Однако толпу больше занимали собственные не рассудочные ощущения и переживания узнавания и не узнавания своего царя, к приезду которого она готовилась всю последнюю неделю. Она с угадываемым сдержанным беспокойством привыкала к проявлениям возмужания в его поведении, рождённым необычными славными успехами и, меньшими, чем предполагалось, неудачами в личном опыте участия в войне, впечатлениями от увиденного в чужих землях и немосковскими размышлениями. Хотя внешне он оставался таким же улыбчивым и доброжелательным, вполне простым в сравнении с Никоном человеком, толпа, как женщина, выпустившая от своего очага молодого мужчину посмотреть на мир, с ревнивой тревогой чувствовала, что он с удовольствием вдохнул запах свободы и запомнил его до смерти.

Двое стольников догнали царя, поднесли ему под руки золочёные подносы с горками мелких серебряных монет. И он, словно щедрый сеятель зёрен блага для своих подданных, стал пригоршнями разбрасывать их по обе стороны своего хода. Толпа шумно заволновалась, монеты подхватывались на лету или с одежды, редко какие из них успевали проскользнуть вниз и падать под ноги. За родственниками царя из собора выходили его любимцы Матвеев и постельничий Ртищев, затем бояре, за ними окольничие, малороссийские полковники, церковные иерархи. Во всём проявлялась и виделась любовь царя и патриарха к внешней красоте и чинности, к размеренному порядку.

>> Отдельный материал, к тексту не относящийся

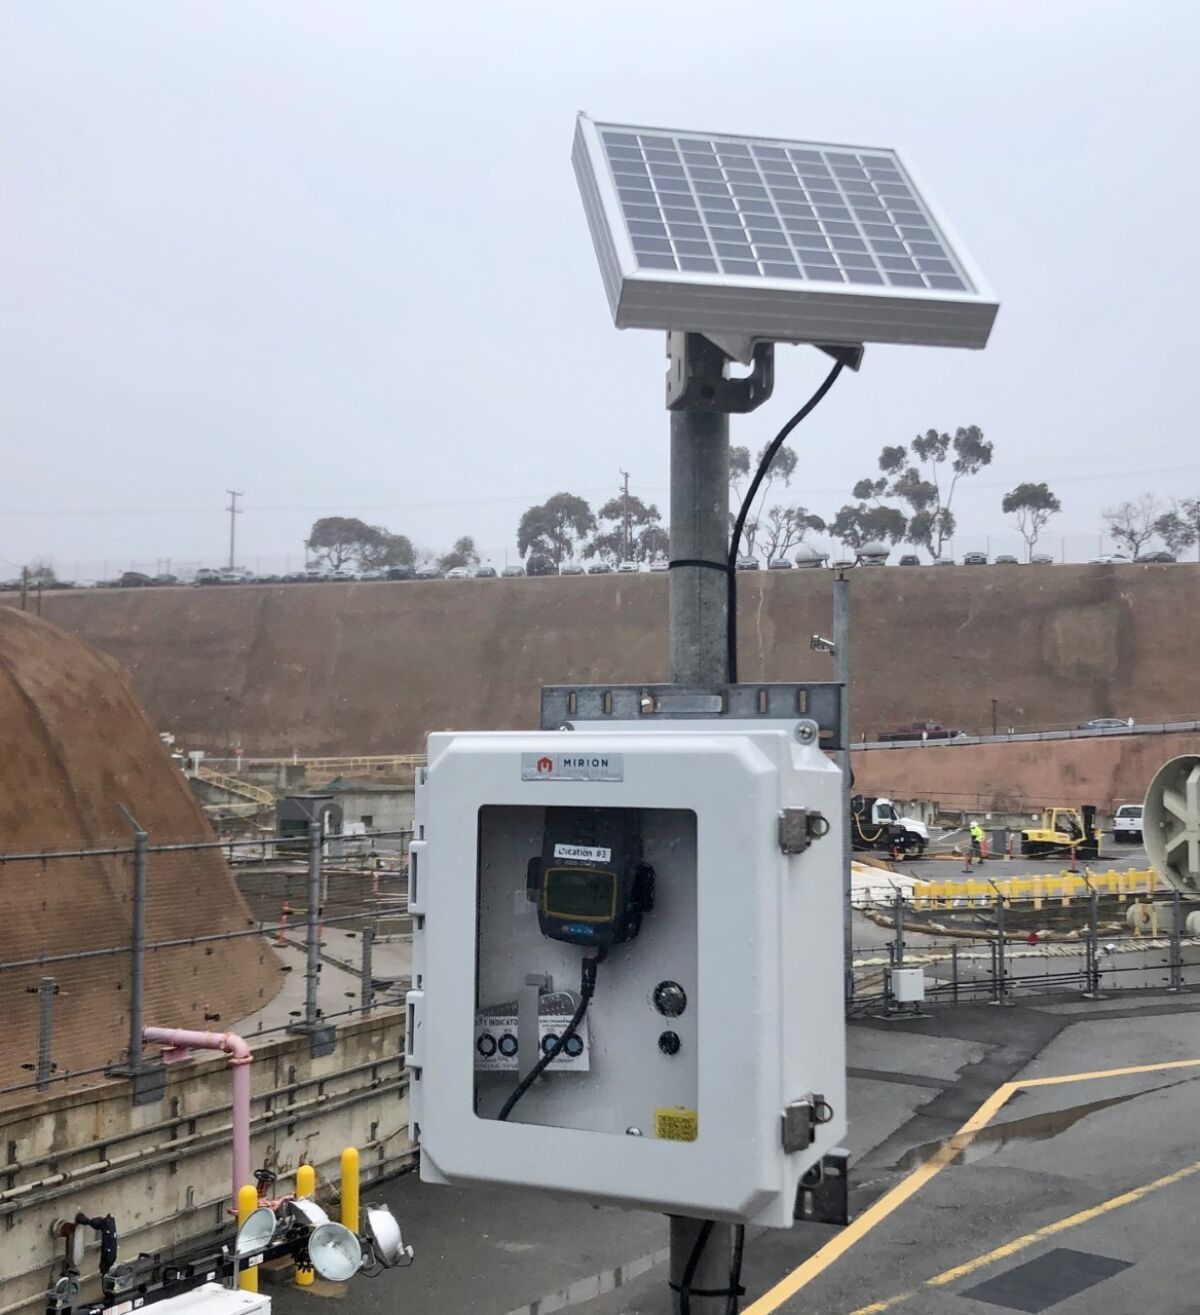 One of the monitors installed at the San Onofre Nuclear Generating Station to measure radiation at the storage facility that holds used up nuclear fuel in canisters at the plant.

Дарья Нащокина следила за царским ходом поблизости от Спасских ворот. Привстав на носки сапожек, она вытягивалась, как и многие вокруг, чтобы собственными глазами увидеть первых людей государства. Вконец огорчённая тем, что среди них нет отца, девушка опустилась на каблуки, дёрнула рукав серого кафтана своего мужественного спутника. Удача без слов подчинился её нежеланию смотреть торжественный ход до Архангельского собора, и стал раздвигать стоящих на пути, впереди неё пробираясь к угловой башне. Они выбрались к Воскресенскому мосту, где было не так тесно, и отошли к улицам. Чем дальше от Кремля, тем меньше было толкотни и шума, тем лучше виделись рассыпанные на его стенах многочисленные стрельцы в праздничных одеяниях и с праздничным дорогим оружием, выдаваемым при подобных торжествах из Оружейной палаты. Большинство из стрельцов были с царём в военных походах и тоже заметно изменились, стали и внешне похожи на матёрых, нанюхавшихся крови сторожевых псов.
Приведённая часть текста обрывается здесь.